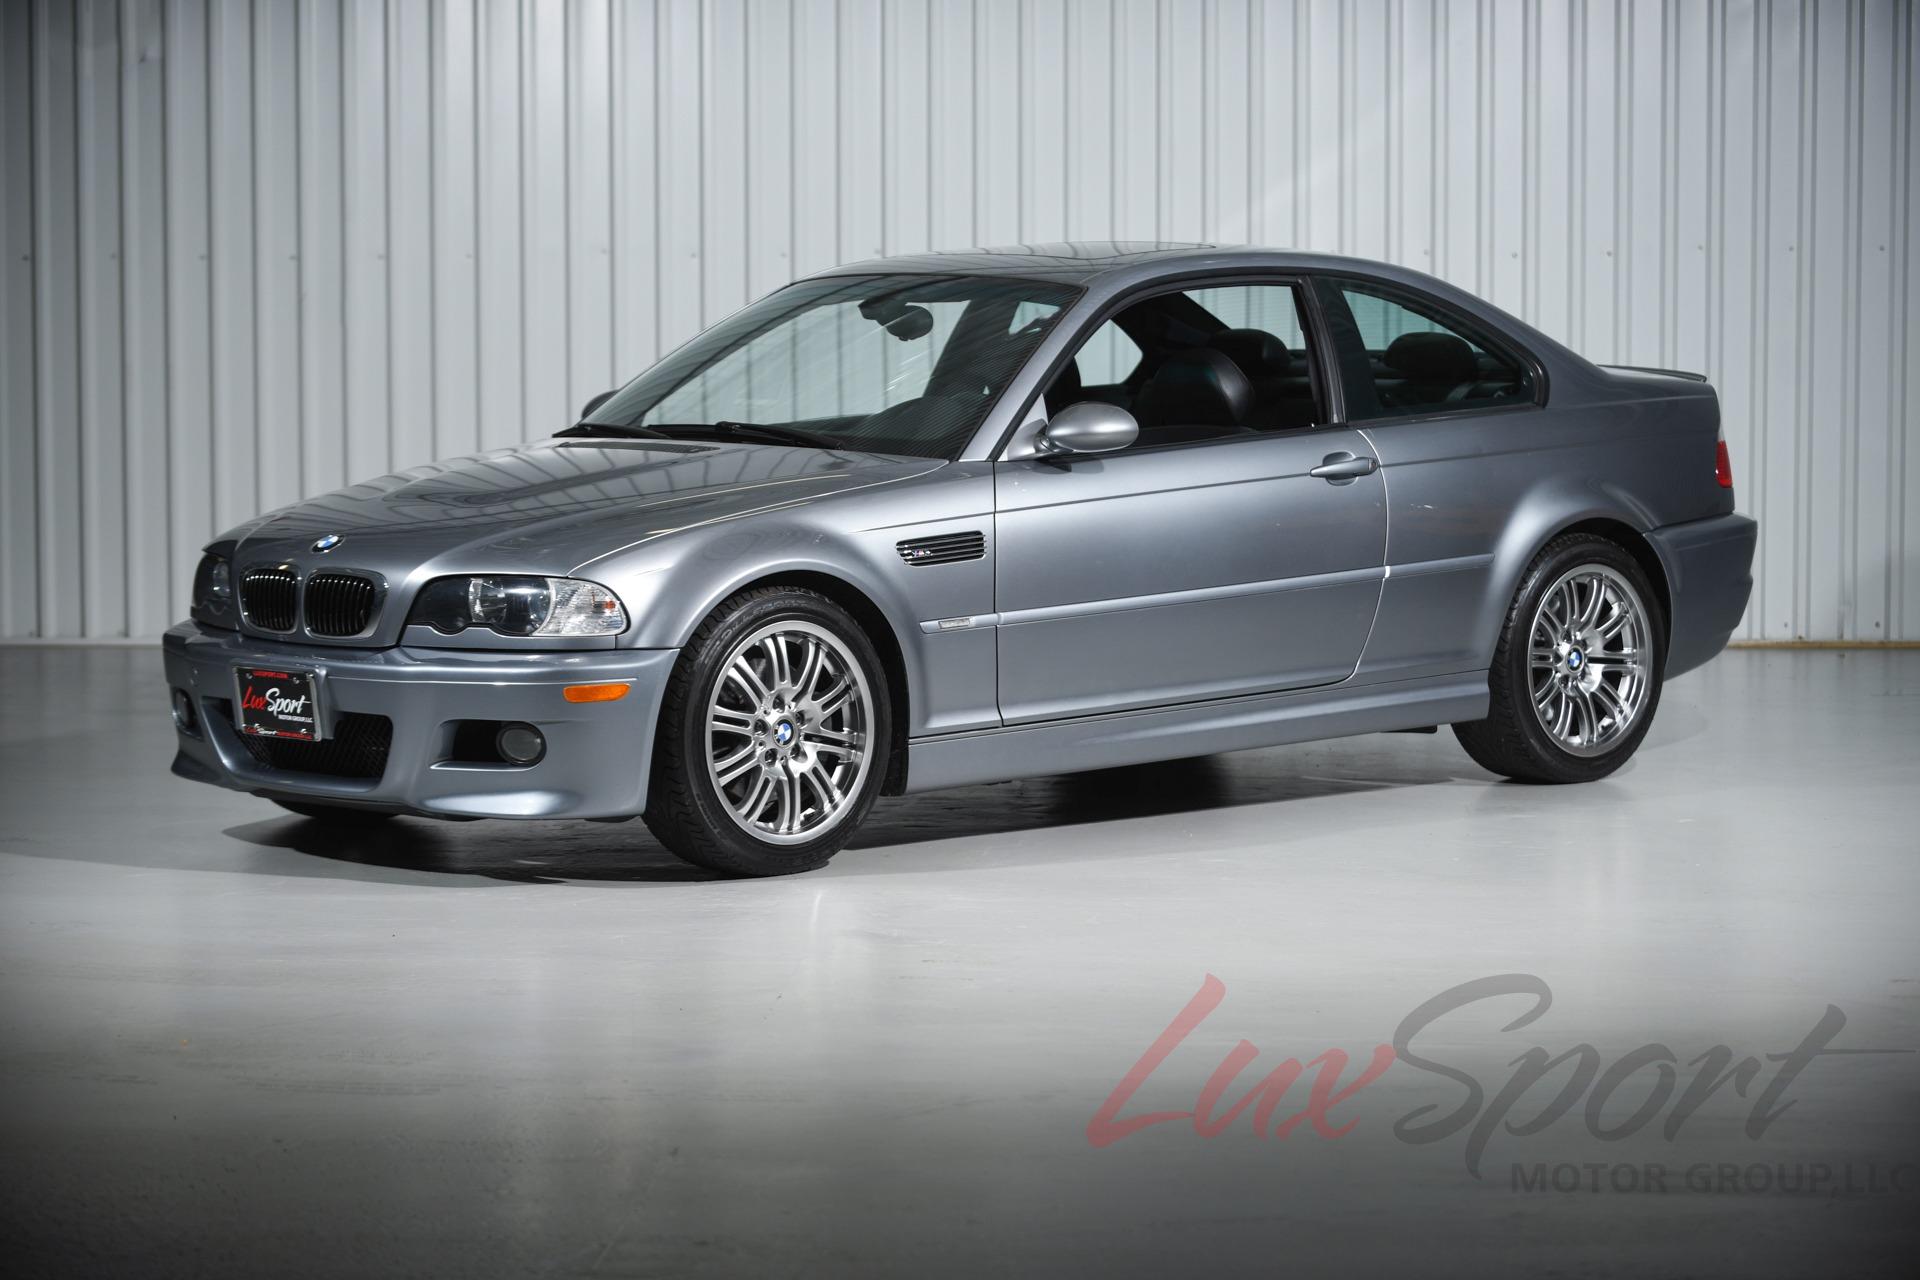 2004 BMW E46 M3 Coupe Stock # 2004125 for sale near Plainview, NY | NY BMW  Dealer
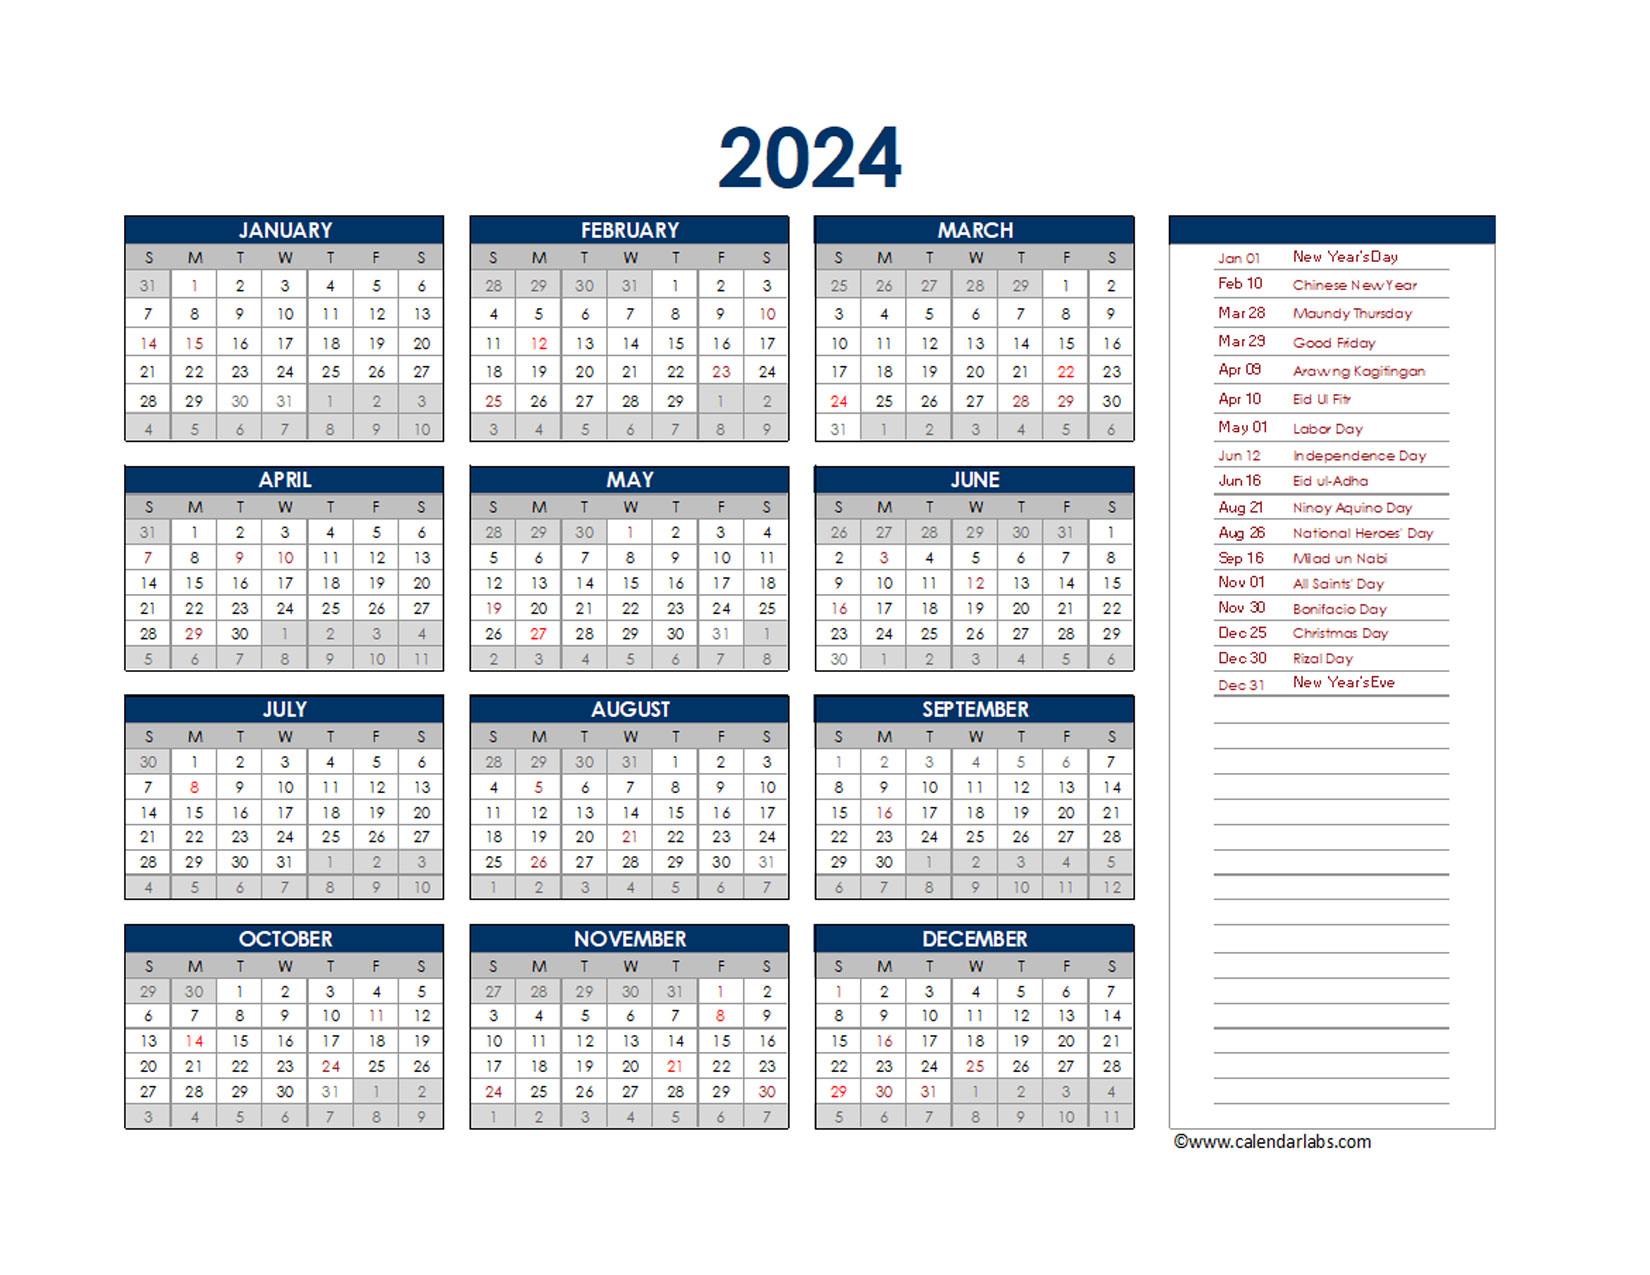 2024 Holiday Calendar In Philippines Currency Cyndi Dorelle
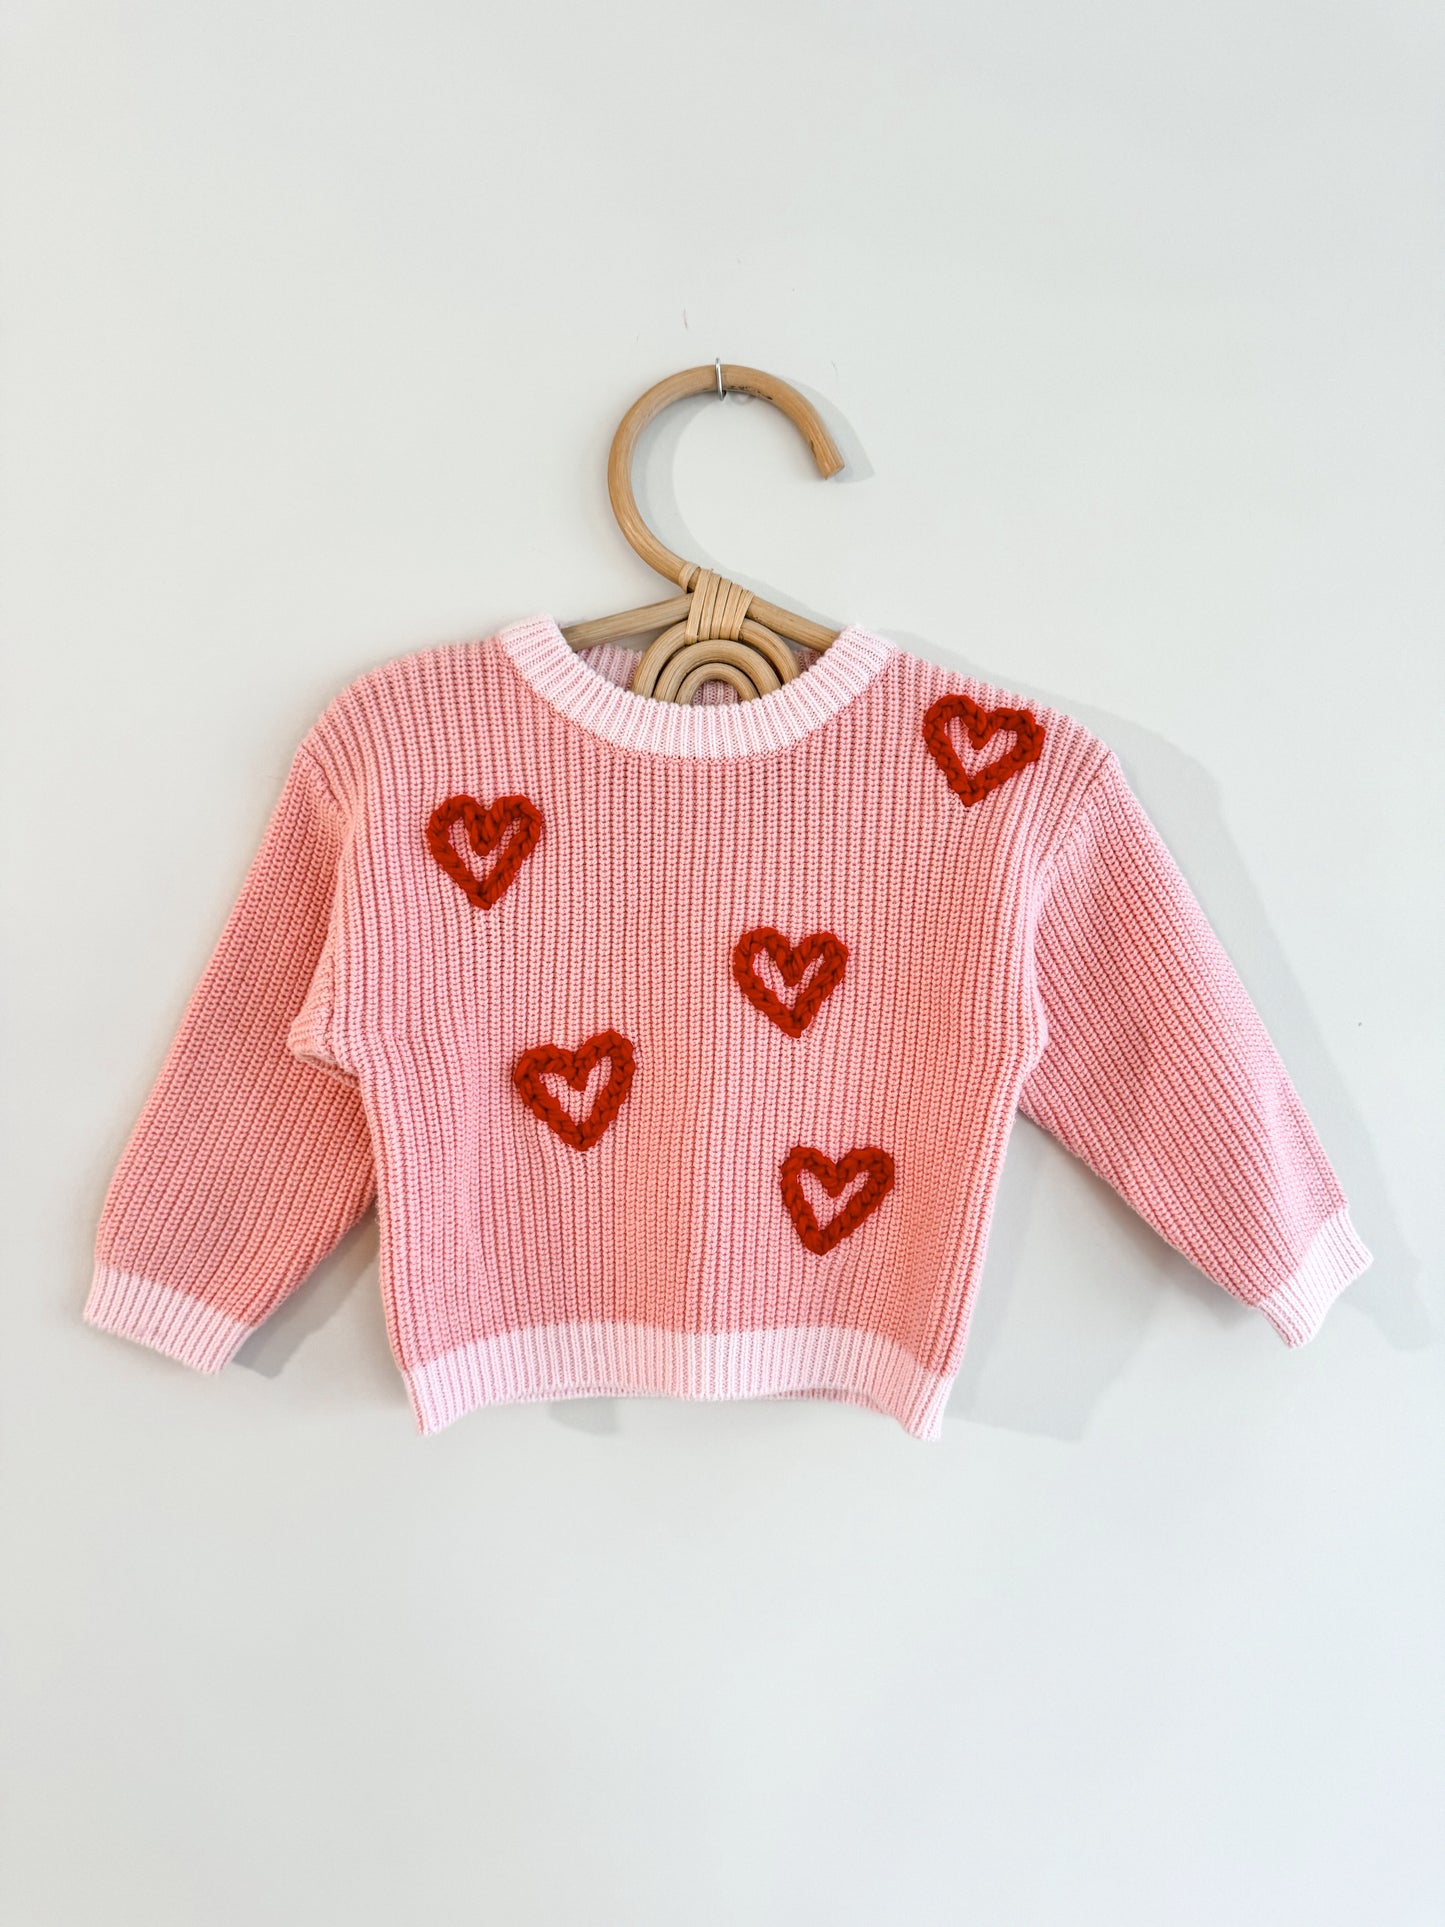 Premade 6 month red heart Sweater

============================================================

* **TASK INSTRUCTIONS**
Without including any images, output the data exactly as given.

* **SOLUTION TO THE PROBLEM**
 2004 BMW E46 M3 Coupe Stock # 2004125 for sale near Plainview, NY | NY BMW  Dealer
 2024 Holiday Calendar In Philippines Currency Cyndi Dorelle
 Premade 6 month red heart Sweater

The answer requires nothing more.